The thick horizontal line in the middle of the box is *median* value of `mpg`

variable. The upper line of the box is *upper quartile* and lower line is *lower quartile*. The distance between upper and lower quartiles is known as *interquartile range* and represents the values for 50\% of the data. The dotted lines at both ends of the box are called as *whiskers*. If the median line is approximately in the middle of the box, and whiskers are more or less of the same length then you can assume that the distribution of the data is symmetrical.

If we want to examine how the distribution of the variable changes between different categories of a categorical variable, we need to use the formula notation with `boxplot()`

function. For e.g. let’s plot `mpg`

variable again, but this time see how this changes with each level of `cyl`

variable.

```
boxplot(mtcars$mpg~mtcars$cyl,ylab = "average fuel consumption",
xlab="Engine cylinders",
main="box-plot for vehicle fuel efficiency for different
cylinder engines")
```

You can see that a car’s fuel economy decreases significantly as engine size increases. Also note, for 8 cylinder engine, one data point is plotted outside whisker represents potential outlier. Compared to other cars with an eight-cylinder engine, this one has an exceptionally low fuel efficiency.

We can also group our variables by two plots in the same plot. Let’s plot `mpg`

variable, but this time plot separate box for `cyl`

and `am`

combination. `am`

is Transmission variable with two levels in it – 0 = Auto transmission, 1 = Manual transmission)

```
boxplot(data=mtcars, mpg~am*cyl,ylab = "average fuel consumption",
xlab="Engine cylinders",
main="box-plot for vehicle fuel efficiency for different
cylinder engines")
```

0.4 is label used for cars with 4 cylinder engine with Auto transmission. 1.4 is label used for cars with 4 cylinder engine with manual transmission.

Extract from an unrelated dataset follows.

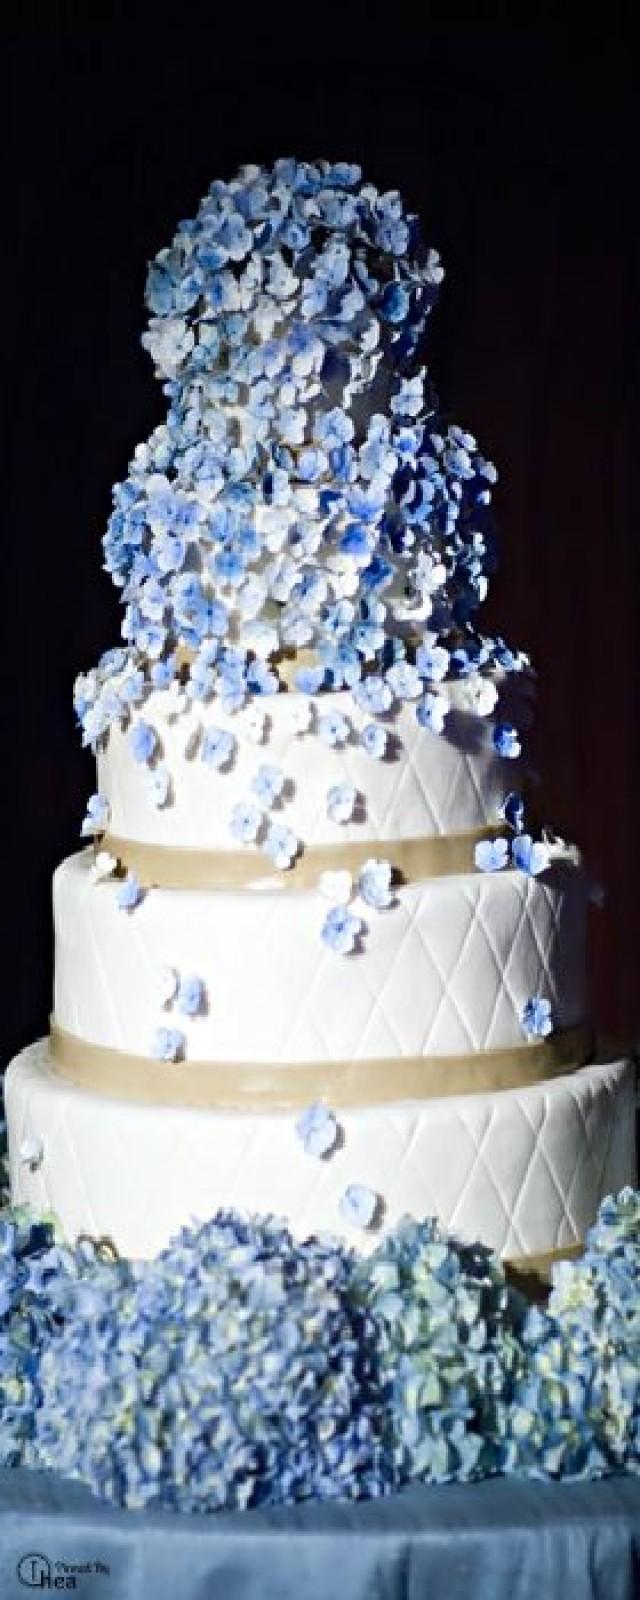 Wedding Cupcakes - Stunning Wedding Cake & Cupcake Ideas #2137168 ...

There is a great deal of variation in the median value of average fuel consumption between cars with four-cylinder engines that have manual and automatic transmissions. This is not the case with cars having 8 cylinder engine.

You need to be careful while writing the order for the box-plot formula. In this case, the order is `mpg~am*cyl`

which first creates a box plot between `mpg`

and `am`

variable and then it is grouped by `cyl`

variable.

If the order was changed to `mpg~cyl*am`

, a different box-plot grouping would be created.

```
boxplot(data=mtcars, mpg~cyl*am,ylab = "average fuel consumption",
xlab="Engine cylinders",
main="box-plot for vehicle fuel efficiency for different
cylinder engines")
```

**Summary**

Box plot (or box-whisker plot) is simple way to show the data distribution using quantile values. Quantiles are measures of *central tendency* that divide a data into equal size groups. The box-plot is also used to visualize five number summary statistics.

In R `boxplot`

function is used to create simple box-plot. This function can be extended further by writing a formula to group the box-plots of two or more variables.